Occasionally, there are times when it is desirable to encourage users to engage in certain types of behavior with respect to the elevator and other building systems. For example, certain buildings may have high-traffic periods when the elevators are heavily used. During such a high-traffic period, it might be desirable to reduce the number of users of the elevators by encouraging passengers to use stairs instead of the elevators for all or, at least part, of their journey. Encouraging other behaviors can also be desirable, such as encouraging correct usage of elevator interfaces, encouraging usage of mobile devices 208 to place elevator calls, encouraging appropriate queuing and efficient elevator loading, encouraging energy saving, and encouraging health-promoting activities.

In some embodiments, such behaviors can be tracked and rewarded. Encouragement can be in the form of incentives. Incentives can be monetary (e.g., a gift certificate to a restaurant in the building), or they can be non-monetary (e.g., very important person (VIP) treatment in an elevator ride, Wi-Fi access, personalized elevator settings such as music, lighting, or media content, or a spot on a leaderboard).
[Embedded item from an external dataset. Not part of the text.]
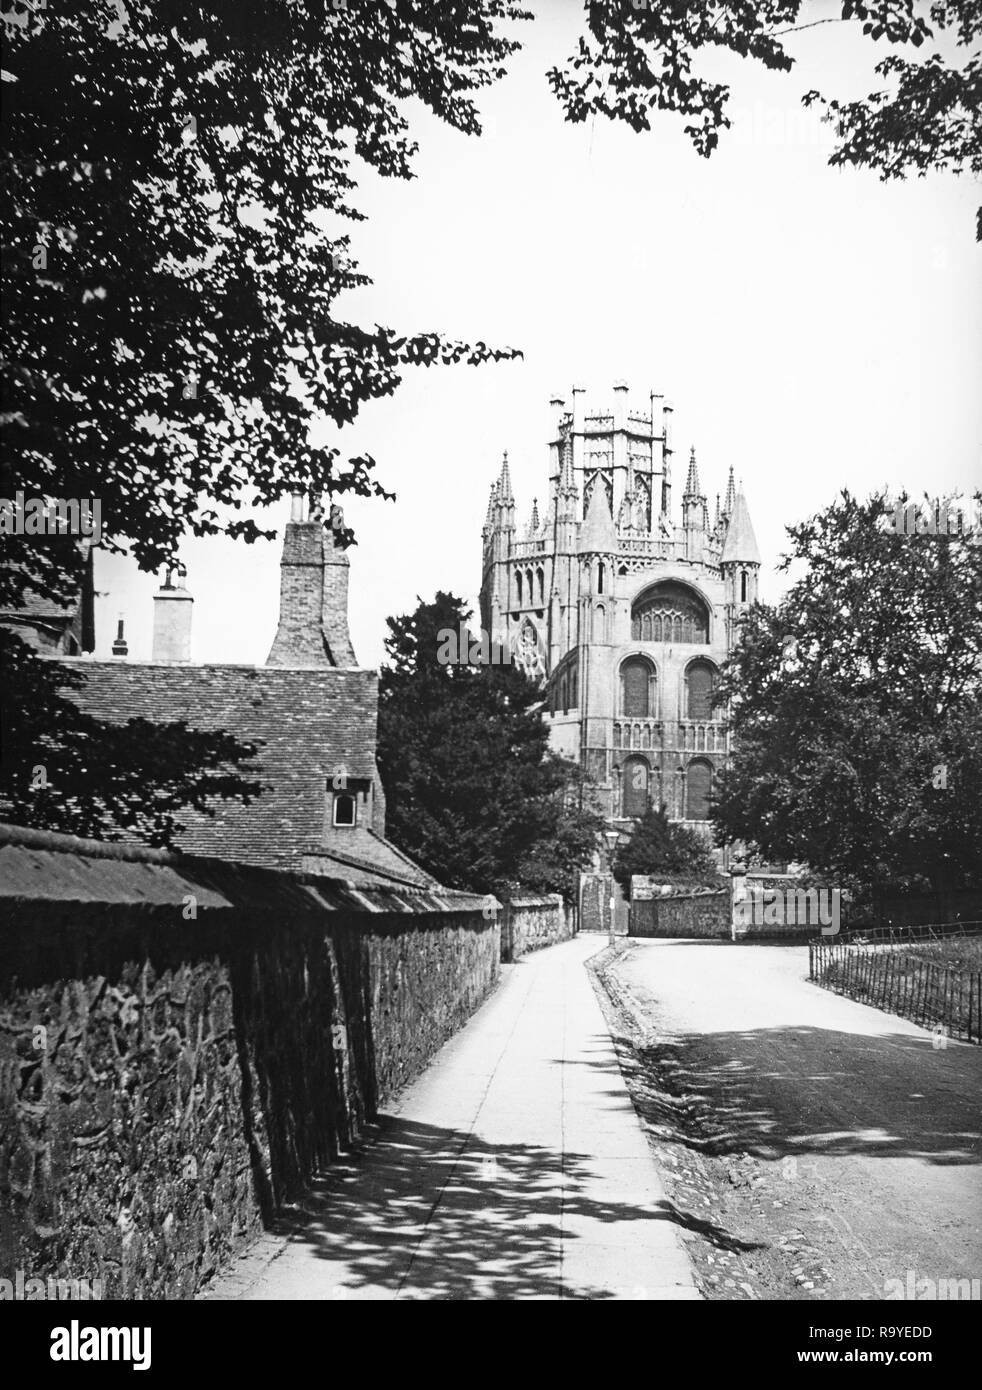 Späten Viktorianischen schwarz-weiß Foto der Kathedrale von Ely, Cambridgeshire, England. Die Kathedrale hat seinen Ursprung in der AD672 Wenn St Etheldreda eine Abtei Kirche gebaut. Das heutige Gebäude stammt aus 1083, und der Kathedrale Status wurde es im Jahre 1109 gewährt. Bis zur Reformation war es die Kirche des Hl. Etheldreda und St. Peter, bei dem Punkt, den es wie die Kathedrale Kirche der heiligen und ungeteilten Dreifaltigkeit von Ely wiedergegründet wurde, weiterhin als wichtigste Kirche der Diözese von Ely, Cambridgeshire. Stockfoto

Any type of behavior that can be tracked can be chosen to be encouraged. As stated above, reducing the usage of elevators during certain time periods can be a behavior to be encouraged. In certain buildings, there can be “busy” times (also known as “peak” times). For example, in a hotel, the time period between 6 pm and 8 pm can be particularly busy because of people leaving for dinner. In an office building, the time period between 8 am and 9 am can be busy because of people arriving to work. Similar busy periods for office buildings can take place at weekdays at lunch time (between 12 noon and 1 pm), and at the end of the work day (between 4 pm and 6 pm). On the other hand, weekends and night time can be considered low-demand time (also known as “off-peak” times). If a building operator wishes to reduce the demand on the elevators (both to reduce wait time and to reduce wear of the elevators), the building operator may choose to encourage the use of alternate forms of vertical transportation during the peak hours. Thus, the taking of stairs or escalators can be encouraged. This can be tracked in a variety of different manners. For example, in a building that uses key cards, smart phone entry, biometrics, or other types of entry access devices or systems, the stairways might be monitored or the user's location might be monitored. Thus, each time a particular user uses a stairway or other preferred transportation system, the user earns points. In other words, the user may earn points by being on a different floor without using an elevator car. In some embodiments, the points may be scaled such that more points are earned during busy time periods. For example, using the stairway during a peak period can lead to more points earned than using a stairway during a non-peak period.

The position of a user can be tracked in a variety of different manners. For example, some buildings have a user enter elevator information via a mobile electronic device, such as a smartphone or a smart watch. An application (or app) on the mobile electronic device is used to dispatch an elevator or track the user, using positioning data from the mobile electronic device. The mobile electronic device can also be used to gain access to certain parts of the building. For example, the user may have access to only the 16^th through 20^th floors. Thus, only doors on those floors might be accessible to the user via his app. A similar system can be used if the building uses key cards, key fobs, or any other type of device to restrict access. The user can then use his mobile electronic device, key card, key fob, etc. to access various areas of the 16^th through 20^th floors.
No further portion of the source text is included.